# Applet mit Script steuern



## Chris_Bayern (7. Dez 2008)

Hallo zusammen,

ich hoffe ich bin hier richtig.
Ich suche ein applet, welches mir eine Verbindung zu einem Host auf einem bestimmten Port öffnet.
Hintergrundsituation:
Ich habe einen Xport (Ethernet<=>rs232-koppler) der auf Port 80 via http das Applet und auch ein paar html-Seiten zur Verfügung stellt.
Leider hat weder der Xport noch der, via rs232 angeschlossene Prozessor genügend Rechenleistung um http-Anfragen beantworten zu können, geschweige denn dynamisch html-Seiten generieren zu können.

Meine Idee ist nun, auf dem Port 80 des Xport eine HTML-Seite mit Java-Script bereit zu stellen, die Ihrerseits zur Kommunikation mit meinem Prozessor lediglich eine Datenverbindung also einen Socket zum Port 10001 öffnet. Hier werden lediglich Steuerbefehler direkt zur rs232-Schnittstelle, also zu meinem Prozessor übertragen.

Ich brauche also ein Applet, welches von einem Script in der HTML-Seite aufgerufen werden kann.
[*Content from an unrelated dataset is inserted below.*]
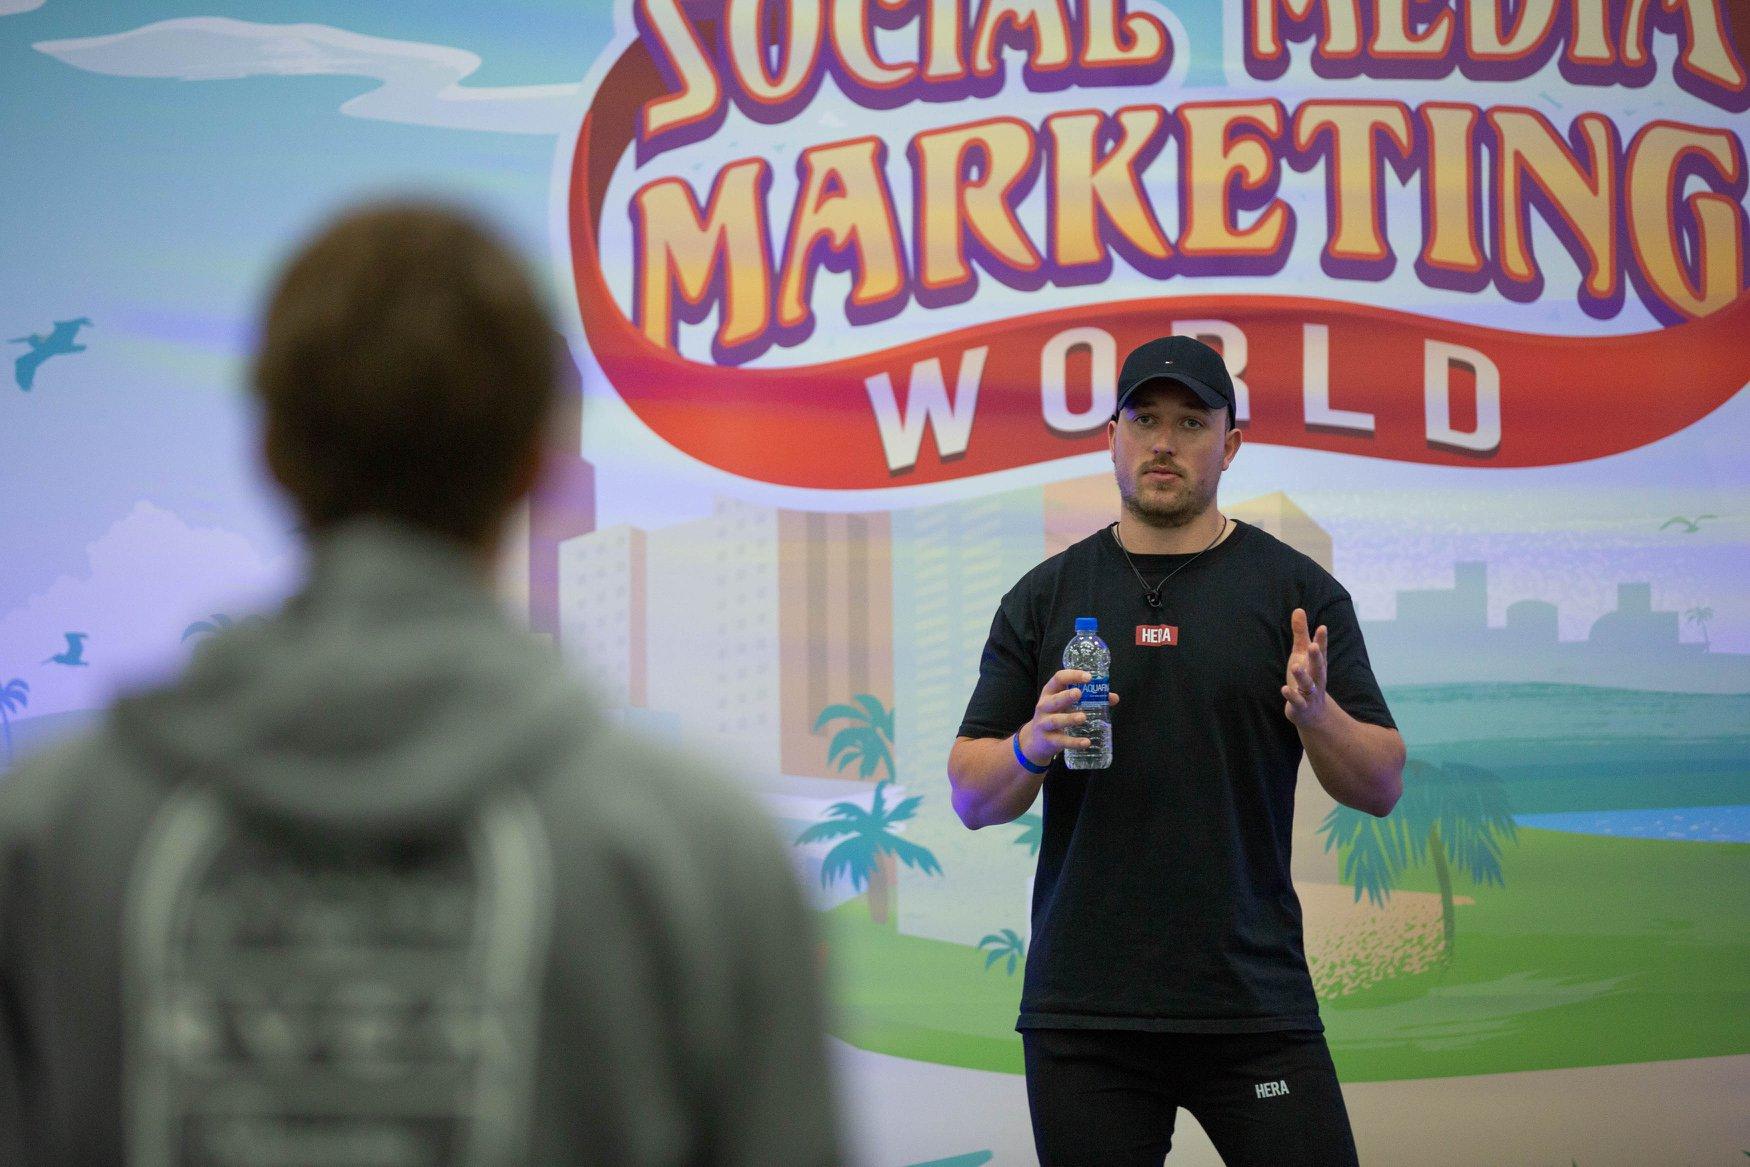 Dan Knowlton Social Media Marketing Speaker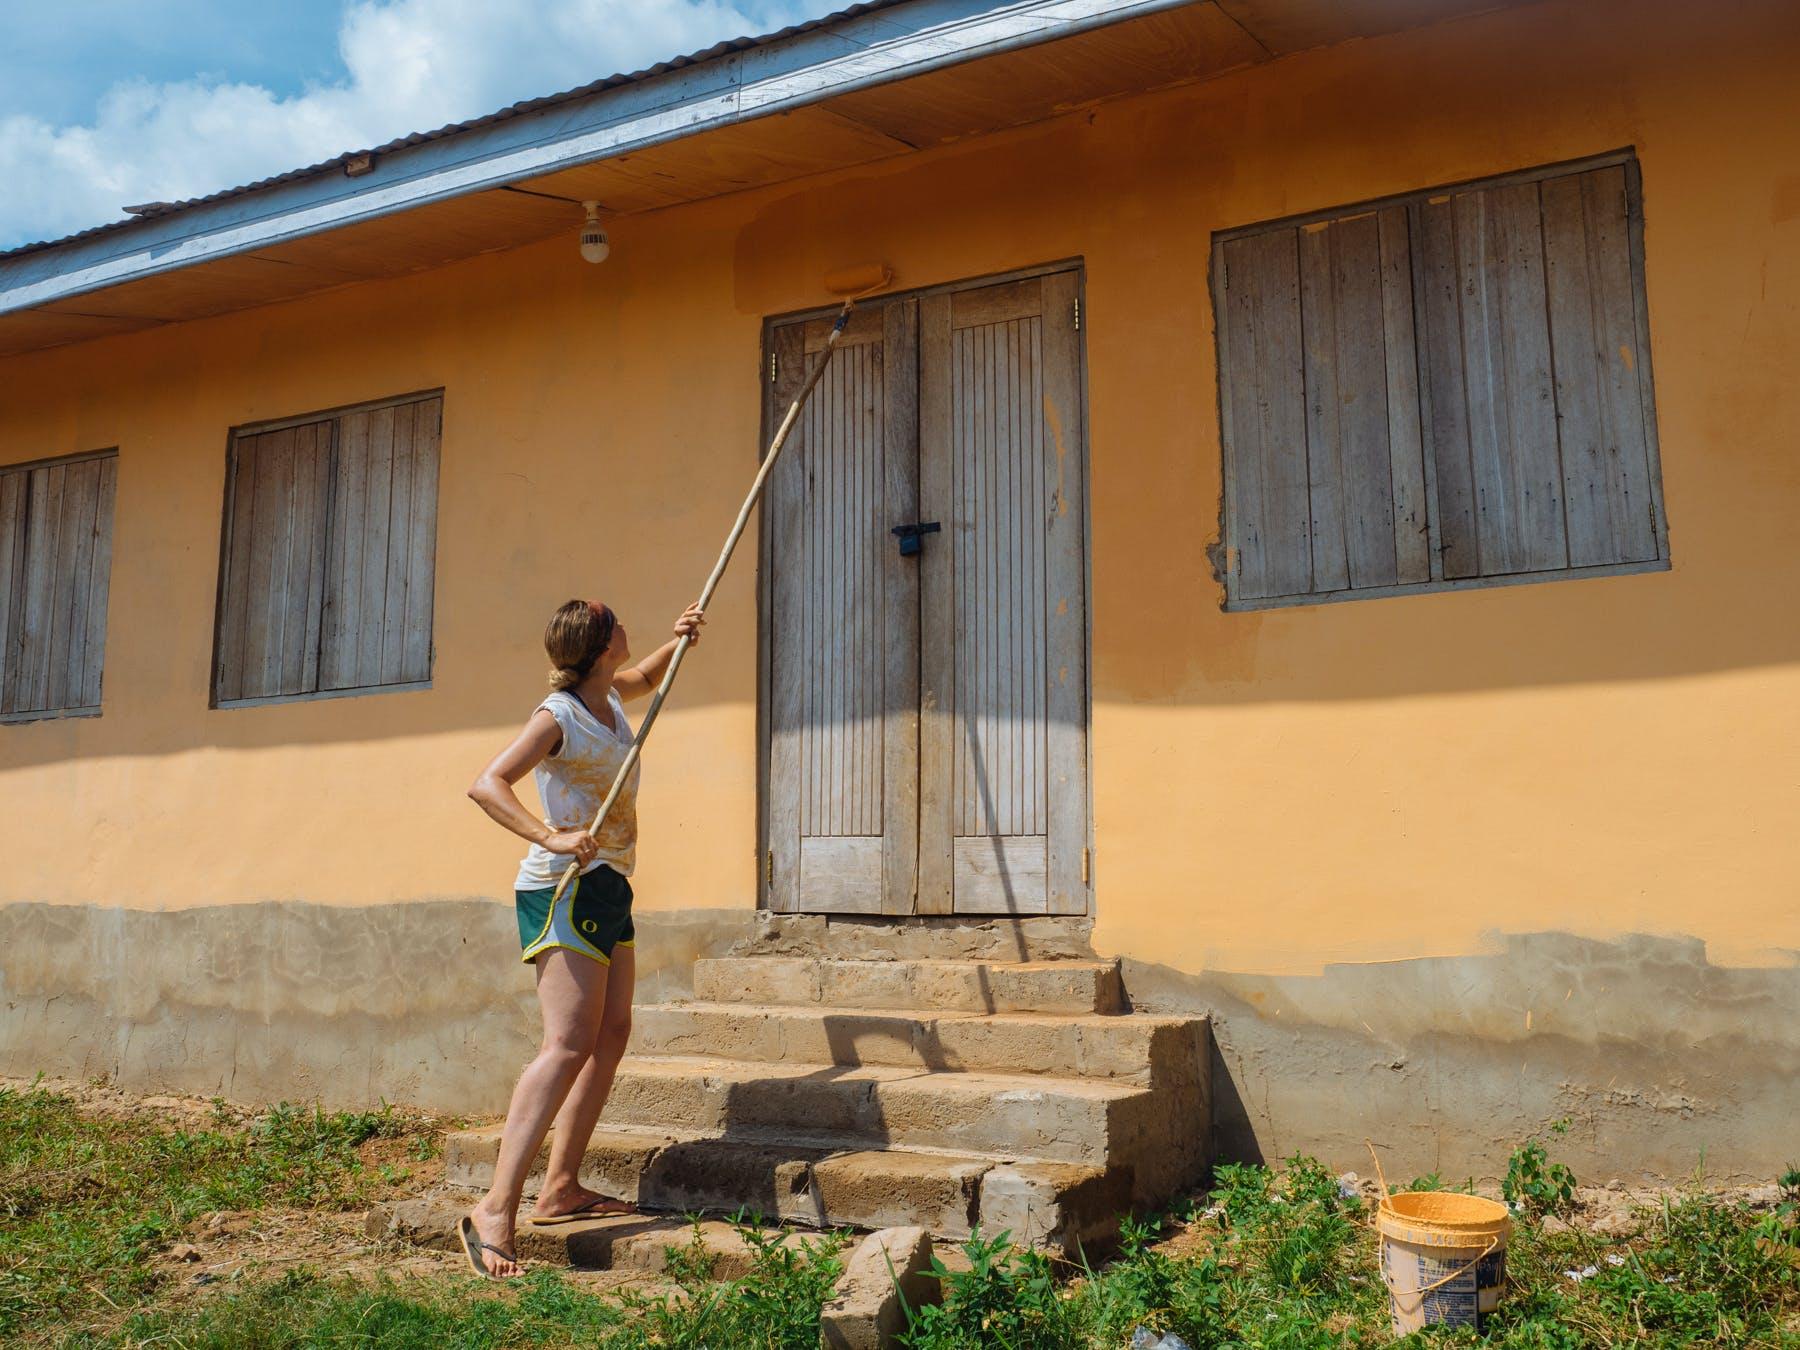 Construction and Renovation Volunteer Program in Tanzania - Arusha

Bei dem Aufruf möchte ich die zu sendenden Steuerzeichen übergeben, die dann an den Port 10001 ohne jeden HHTP-Header geschickt werden. Ein Timeout beendet diese Verbindung, wenn nicht innerhalt von 1 oder 2 Sec. eine Antwort kommt. Die Antwort muß natürlich dann auch wieder an mein Script in der HTML-Seite zurück gegeben werden können um Sie dort auszuwerten und die Webseeite entsprechend zu füllen.

Ich habe leider keinen blassen Schimmer von JAVA-Programmierung und komme hier deshalb nicht weiter. Gibt es hier jemanden der mir helfen kann?
Das Applet soll so lange einen ASCCII-Zeichen vom Port 10001 lesen, bis ein CR (ASCII 13) empfangen wurde und dann die Verbindung sofort beenden. Wenn nix kommt, dann nach 1 od. 2 Sec. mit entsprechender Rückgabe an das aufrufende Script beenden.
Mit dem darstellen der empfangenen Daten auf der Webseite komme ich klar, lediglich das Applet und dessen Aufruf vom JavaScript bereitet mir Kopfzerbrechen.

Bitte um Info, wenn ich mich unklar ausgedrückt haben sollte.

Bitte um Hilfe!

Danke schon mal im Voraus!

Gruß Christian

P.S. Wenn das ganze dann auch noch auf einem WindowsMobile-Browser funktioniert, dann wäre das obergenial, ist aber keine Voraussetzung


----------



## Gast2 (7. Dez 2008)

Moin,

wenn mich nicht alles Täuscht hat der XPort eine API bzw. der bindet Deine externe Schnittstelle als COMx ... im letzteren Fall brauchst Du nur die COM-Schnittstelle öffenen ... für die API wirst Du wahrscheinlich nur eine TCP-Verbindung zum Gerät herstellen müssen

Nachtrag:
Com-Port-Redirector

hand, mogel


----------



## Chris_Bayern (7. Dez 2008)

Diese Möglichkeit besteht, nur auf diese Art bekomme ich keine Verbindung zur Webseite. Ich muß die empfangenen Daten in der Webseite darstellen. Außerdem möchte ich nichts installieren. Wenn ich was installieren könnte, dann würde ich meinen C-Conpiler bemühen und das Problem wäre in 5 Minuten aus der Welt. 
Die GUI soll komplett als HTML-Darstellung per Webbrowser laufen, also auch Hardware unabhängig!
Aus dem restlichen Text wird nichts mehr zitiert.